Cost of Living and Spending

  • The rise in cost of living and higher interest rates have progressively fed through to household decisions on spending (essential and non-essential) saving, and borrowing (including financing outstanding borrowing).
  • For example, retail sales volumes in Great Britain have broadly stabilised over 2023 having adjusted back towards pre-pandemic levels over 2022. Latest data show sales volumes fell 1.4% over the year to August, however sales value grew 3.8%, with the divergence continuing to reflect the pace of rising prices over the past 18-months.[22]
GB Retail Sales
Line chart showing retail sales volumes have been broadly flat in 2023 however have continued to rise in value terms due to inflation.
  • Similarly the rise in prices and interest rates have had a significant impact on the amount UK conumers are paying for their energy costs, mortgages and other loans. In August the average monthly direct debit payment for electricity and gas was £186.46 (up 56% compared to August 2021), £868 for mortgages (up 22%) and £239 for loans (up 23%).[23]
Monthly average direct debit transaction values
Line chart showing the average direct debit transaction values for energy costs, mortgages and other loans have increased sharply over 2022 and 2023.
  • The sharp increase in prices has been accompanied by an increase in the direct debit failure rate (the percentage of transactions that fail due to insufficient funds), reflecting the challenges facing some household budgets. For electricity and gas payments, the payment failure rate has risen to 1.09% in August, up from 0.47% in August 2021, while for mortgages it has risen to 0.46% (up from 0.25%).
Monthly direct debit failure rate
Line chart showing the direct debit failure rate for electricity and gas, loans and mortgages has risen over 2022 and 2023.
  • More broadly in September, the ONS Public Opinions and Social Trends survey showed that 42% of respondents were finding it very or somewhat difficult affording both energy bill payments and mortgage and rent payments. For energy bills, this was slightly lower than at the same point in 2022 (c. 46%), however has risen for mortgages payments from c.31%.[24]
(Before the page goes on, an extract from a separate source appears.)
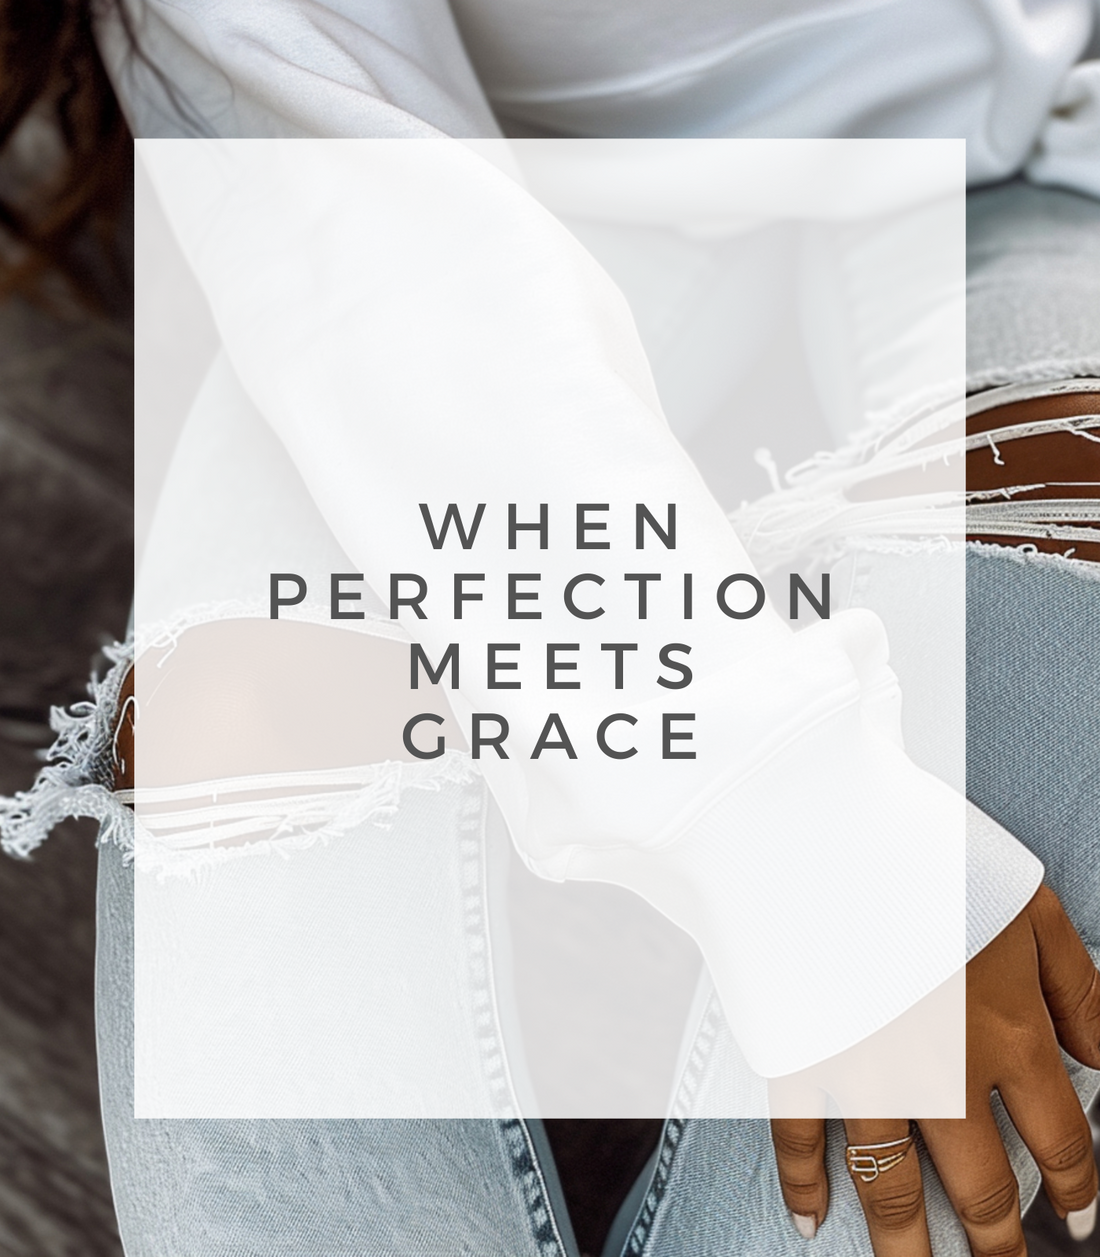 When perfection meets grace

  • The more gradual but recent impacts of rising interest rates on mortgage payment challenges compared to energy payments, reflects the rise in interest rates over the past year but also the time it takes for the full impact of the increase in Bank Rate to be felt at an aggregate level due to the high share of mortgages that are on a fixed rate.
Bank Rate and Mortgage Effective Interest Rates
Line chart showing that that the sharp rise in the Bank Rate in 2022 and 2023 has so far fed through to the effective interest rate for new mortgage lending more than for existing mortgage lending.
  • Reflecting this, the 'effective' interest rate – the actual interest paid – on newly drawn mortgages rose by 16 basis points to 4.82% in August while the rate on the outstanding stock of mortgages saw a 9 basis point increase to 3.06%.[25]
  • In response to the change in cost pressures facing households, ONS Public Opinions and Social Trends survey data from September show that the most common actions people were taking in response to the increased cost of living were spending less on non-essentials (69%) and shopping around more (50%). 47% reported using less fuel such as gas or electricity in their home and 46% reported spending less on food shopping and essentials.
Actions that adults are taking because of the increase in cost of living
Bar chart showing that adults are taking a range of actions in response to the increased cost of living with the highest proportions reporting spending less on non-essentials and shopping around more.